I love a happy ending.


----------



## MonsterMalak (Apr 15, 2011)

So glad for your happy ending.

Have to say that I have lost some dogs to neighbors that are preconditioned to shoot anything on their property. 

Oncr had a man that shot two fine dogs that happened to get out of their pasture (where they protected free range fowl). The man said they were after his chickens. Doubtfull since they LIVED with them 24/7.

But it is the ignorance and fear. Is always a good idea to introduce your dogs to youe neighbors, and at least let them know you are responsible. Then they may be less likely to Shoot at First Sight.

Good Luck


----------



## Lannie (Jan 11, 2004)

I'm really relieved to hear that your dog was exonerated, Hiddensprings. 

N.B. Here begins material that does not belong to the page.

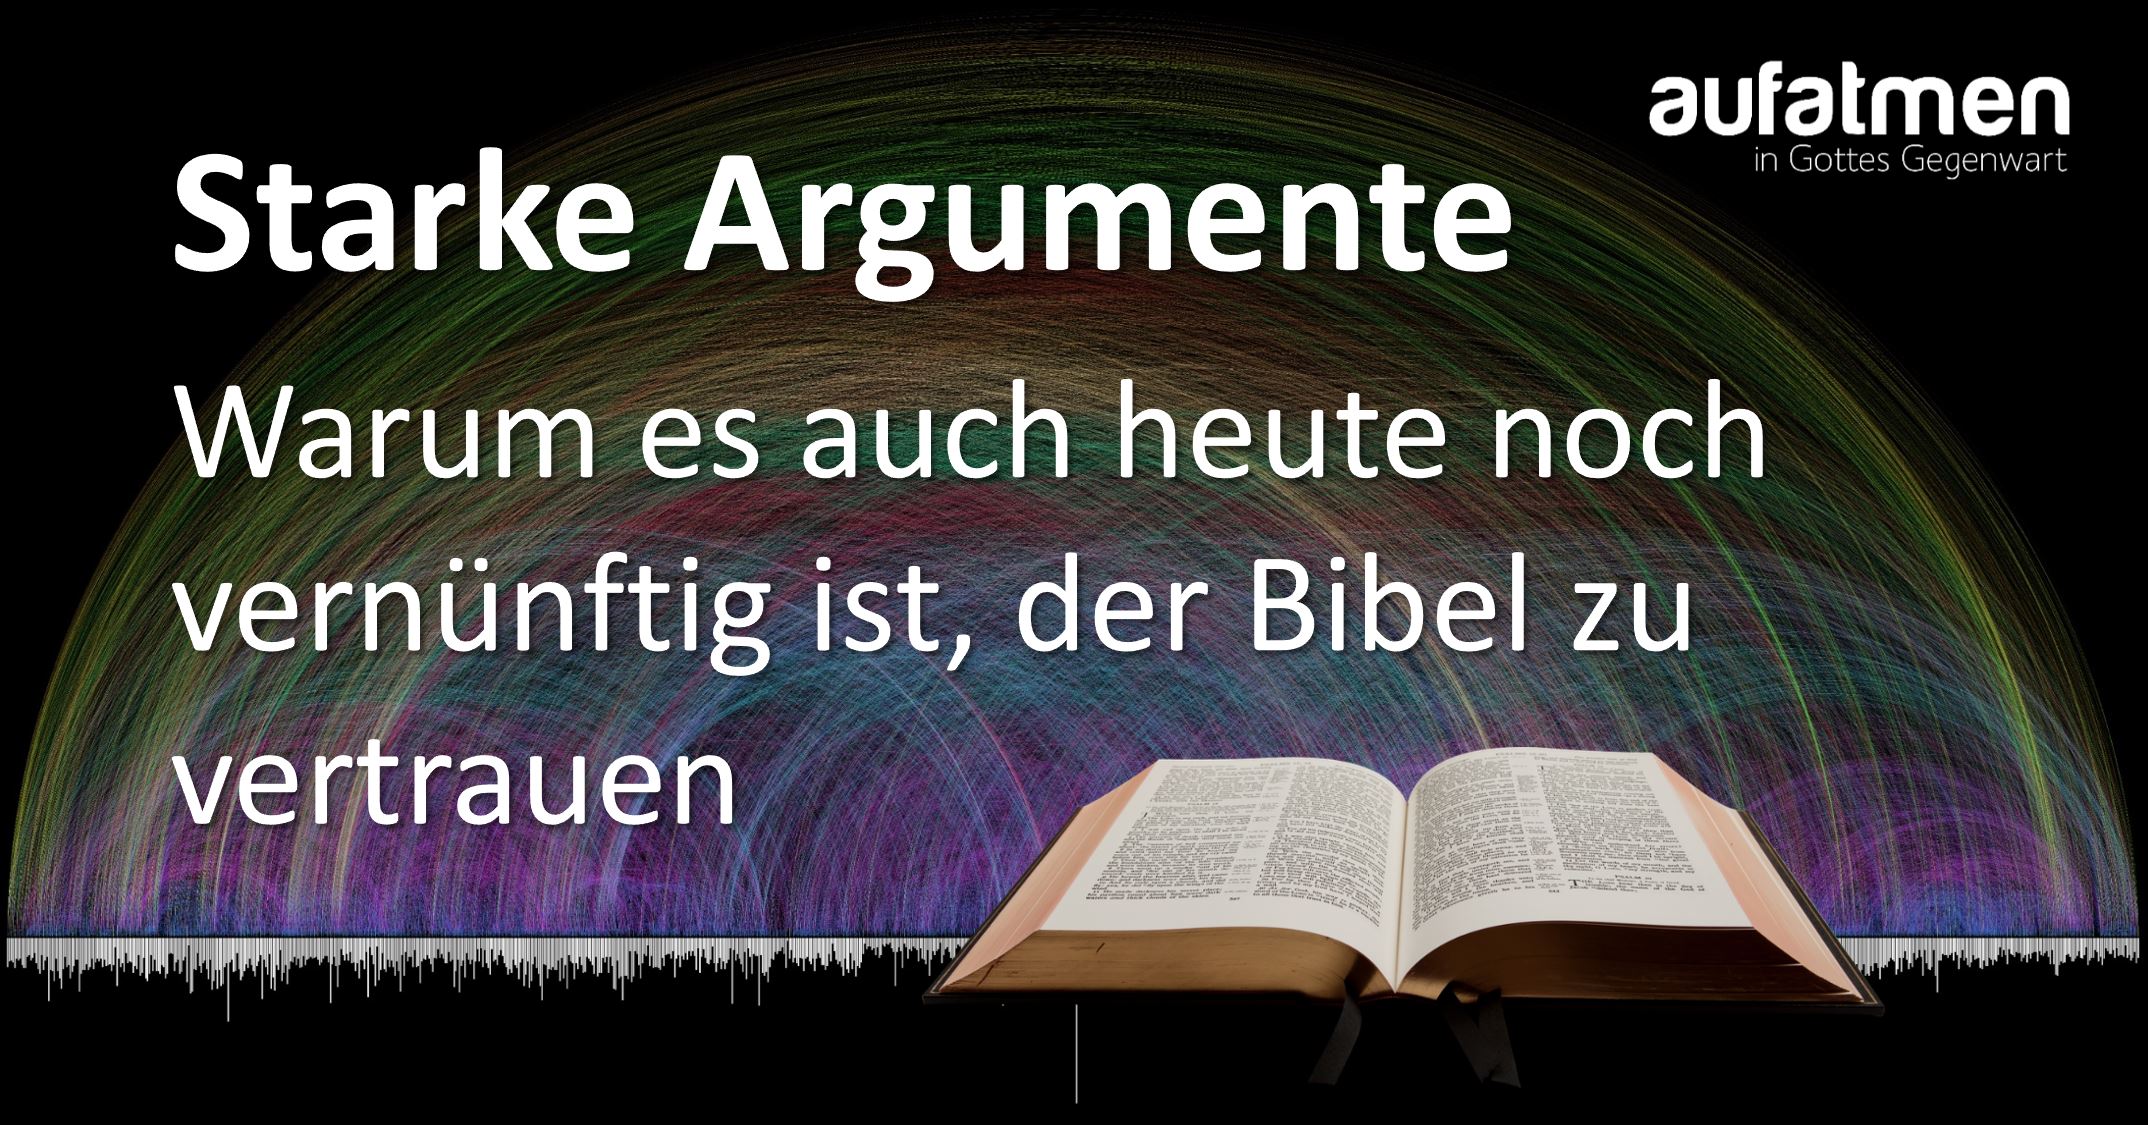 Starke Argumente – Warum es auch heute noch vernünftig ist, der Bibel zu vertrauen

We're really lucky living where we do to not have any neighbors within sight. The closest one is half a mile from us (little old lady in a little old house) and then there are ranchers spread out at mile or two mile intervals. Even so, I called all three of them (LOL!) within a 5 mile radius to tell them when we got our dogs, JUST IN CASE. I told them they were Livestock GUARDIAN Dogs, and not livestock chasers, and if they did happen to get out, and they saw them, to please not shoot them, just call me. They all laughed and told me not to worry, and since we're the only ones with "big white dogs" around here, if they did see them out, they called. I was usually out trying to collect them by that point, but at least they called.  Now that we have the fence buttoned up, the only time someone gets out is if the snow drifts over a fence during a blizzard and the dogs find it before we can get it cleared.

~Lannie


----------